Compiler Explorer: https://godbolt.org/z/9rb354E51

[592] % gcctk -v
Using built-in specs.
COLLECT_GCC=gcctk
COLLECT_LTO_WRAPPER=/local/suz-local/software/local/gcc-trunk/libexec/gcc/x86_64-pc-linux-gnu/13.0.1/lto-wrapper
Target: x86_64-pc-linux-gnu
Configured with: ../gcc-trunk/configure --disable-bootstrap --enable-checking=yes --prefix=/local/suz-local/software/local/gcc-trunk --enable-sanitizers --enable-languages=c,c++ --disable-werror --enable-multilib --with-system-zlib
Thread model: posix
Supported LTO compression algorithms: zlib
gcc version 13.0.1 20230315 (experimental) [master r13-6679-gfd42a8fa4b7] (GCC) 
[593] % 
[593] % gcctk -O0 small.c; ./a.out
[594] % 
[594] % gcctk -O1 small.c
[595] % timeout -s 9 5 ./a.out
Killed
[596] % 
[596] % cat small.c
unsigned a = -1;
int main() {
  int b = 0;
  for (; b < 2; b++) {
  L:;
    int d;
    while (a <= 0)
      if (*&d)
        break;
    d = 1;
    a++;
  }
  return 0;
}
Comment 1 Andrew Pinski 2023-03-15 06:07:38 UTC 
reassoc1 introduces the unconditional use of an unitialized variable.

From:
  <bb 3> [local count: 1014686025]:
  if (d_5(D) != 0)
    goto <bb 5>; [5.50%]
  else
    goto <bb 4>; [94.50%]

  <bb 4> [local count: 1073741824]:
  a.1_1 = a;
  if (a.1_1 == 0)
    goto <bb 3>; [94.50%]
  else
    goto <bb 5>; [5.50%]

To:

  a.1_1 = a;
  _12 = (unsigned int) d_5(D);
  _4 = _12 | a.1_1;
  _3 = _4 == 0;
  if (_3 != 0)
    goto <bb 3>; [94.50%]
  else
    goto <bb 4>; [5.50%]
Comment 2 Richard Biener 2023-03-15 08:40:59 UTC 
So similar to PR107833, the solution might be similar as well.
Comment 3 Andrew Pinski 2023-03-15 08:51:00 UTC 
(In reply to Richard Biener from comment #2)
> So similar to PR107833, the solution might be similar as well.
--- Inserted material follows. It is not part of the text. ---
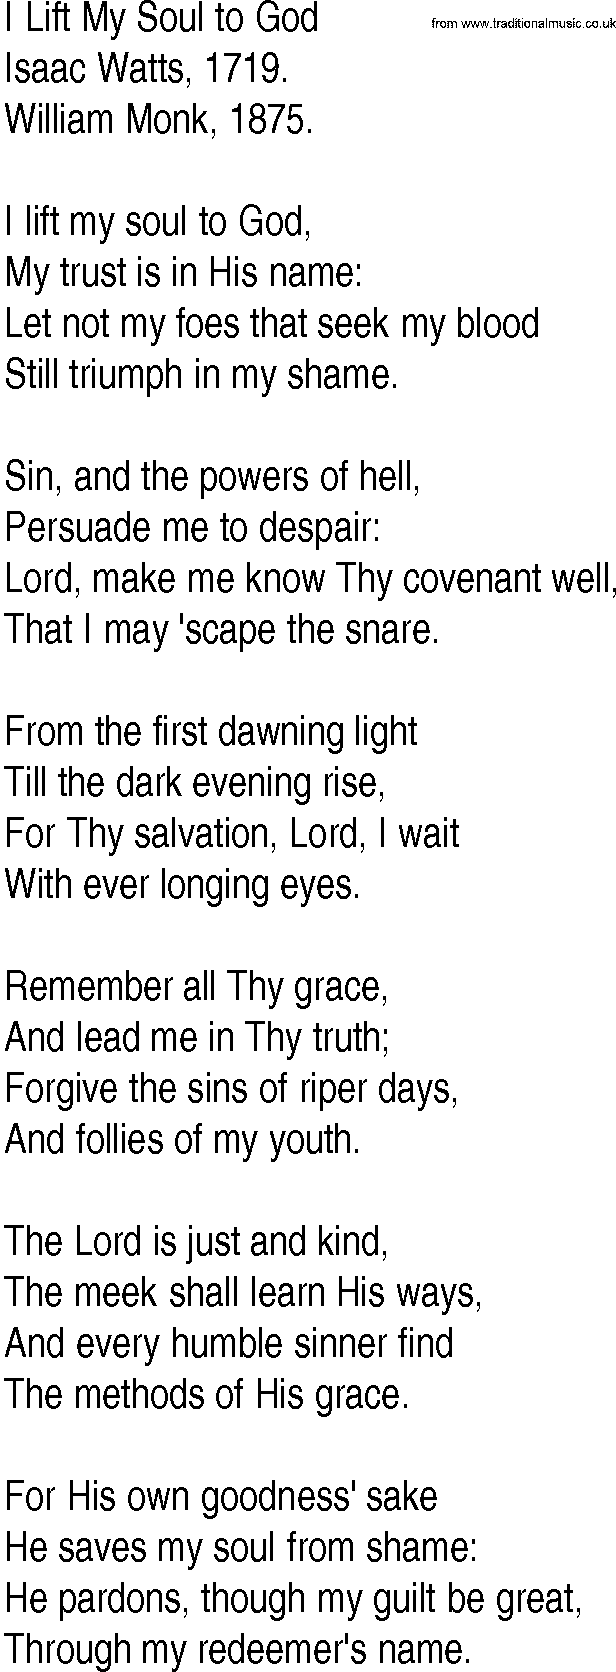 Hymn and Gospel Song: I Lift My Soul to God by Isaac Watts lyrics
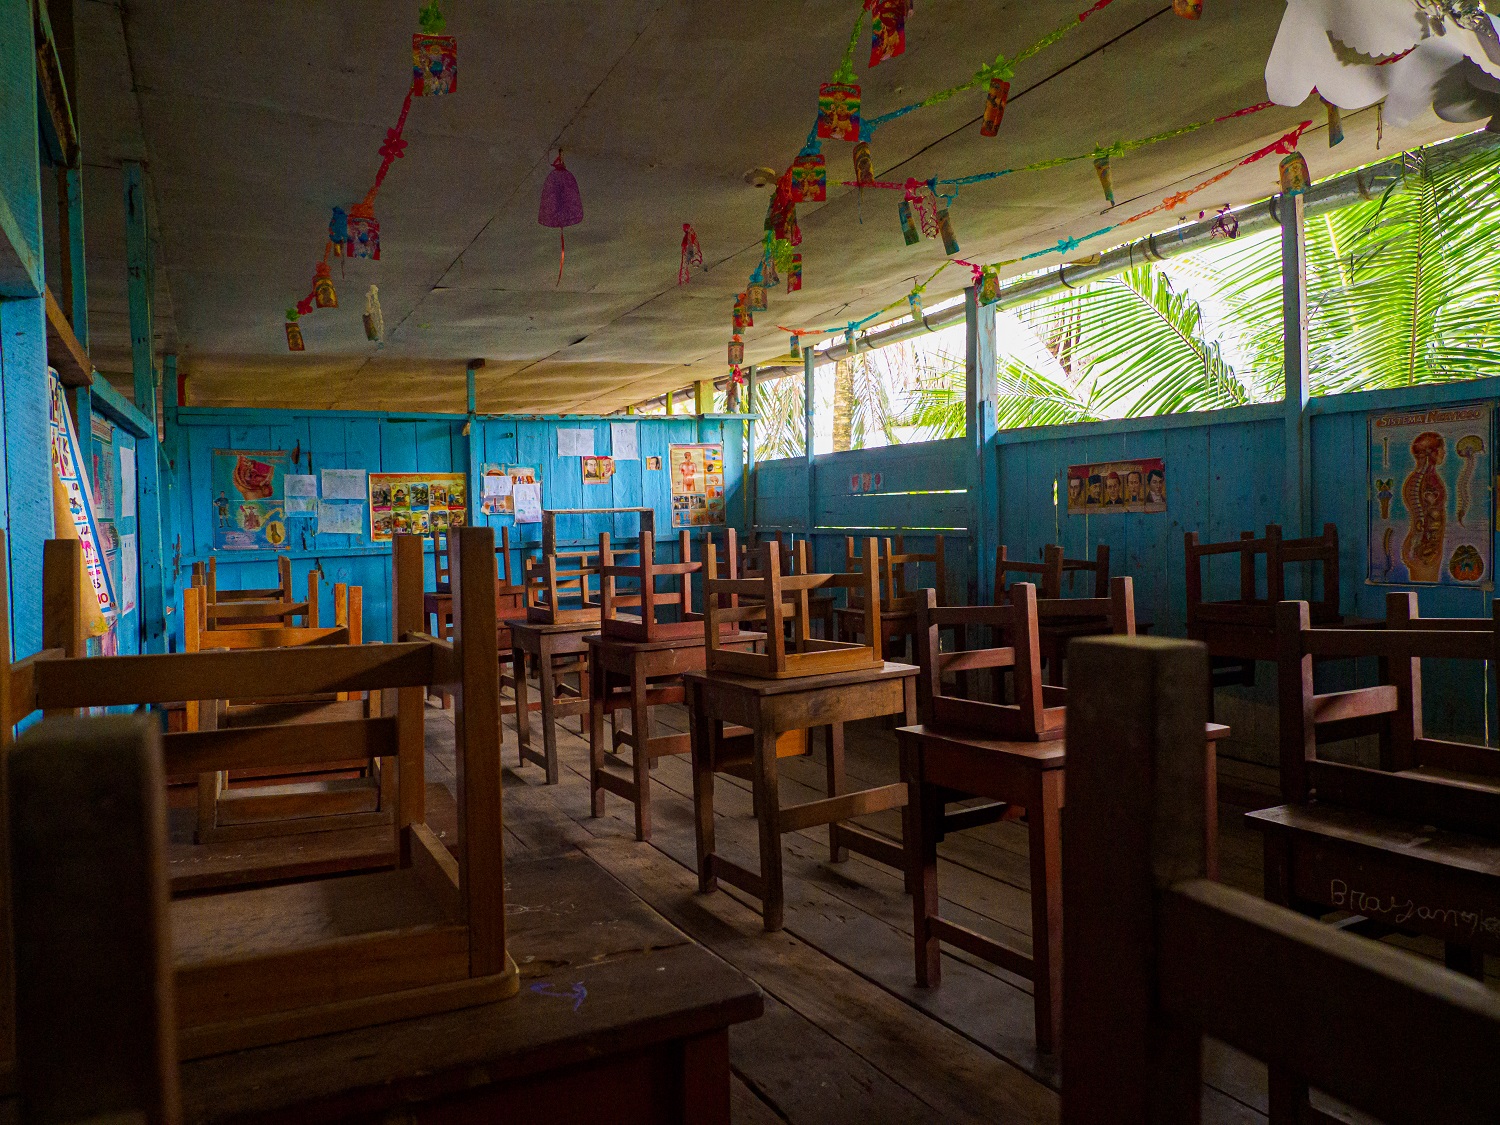 Image of Amazonian classroom

Actually it is closer related to PR 68083 .
Comment 4 Jakub Jelinek 2023-03-15 09:26:13 UTC 
Started with r5-4606-g956623c1378de3c48e77b
Comment 5 Jakub Jelinek 2023-03-15 09:39:59 UTC 
I don't think this has anything to do with reassoc though.
The testcase looks incorrect to me.
Because d is defined in the scope of the outer loop's body, for b == 0 a is -1U and
so the inner loop does nothing, d is set to 1, a is set to 0 and then d goes out of scope.
Then for b = 1, a scope with d variable is entered but the variable is again uninitialized, a <= 0 is true, and we use the uninitialized variable.
fixup_cfg1 dump shows this nicely with the clobber in there:

  <bb 2> :
  b = 0;
  goto <bb 6>; [INV]

  <bb 3> :
  d.0_1 = d;
  if (d.0_1 != 0)
    goto <bb 5>; [INV]
  else
    goto <bb 4>; [INV]

  <bb 4> :
L:
  a.1_2 = a;
  if (a.1_2 == 0)
    goto <bb 3>; [INV]
  else
    goto <bb 5>; [INV]

  <bb 5> :
  d = 1;
  a.2_3 = a;
  _4 = a.2_3 + 1;
  a = _4;
  d = {CLOBBER(eol)};
  b = b + 1;

  <bb 6> :
  if (b <= 1)
    goto <bb 4>; [INV]
  else
    goto <bb 7>; [INV]

  <bb 7> :
  D.2753 = 0;
  return D.2753;
Comment 6 Zhendong Su 2023-03-15 10:54:47 UTC 
Oh, good catch, Jakub! And sorry for the noise.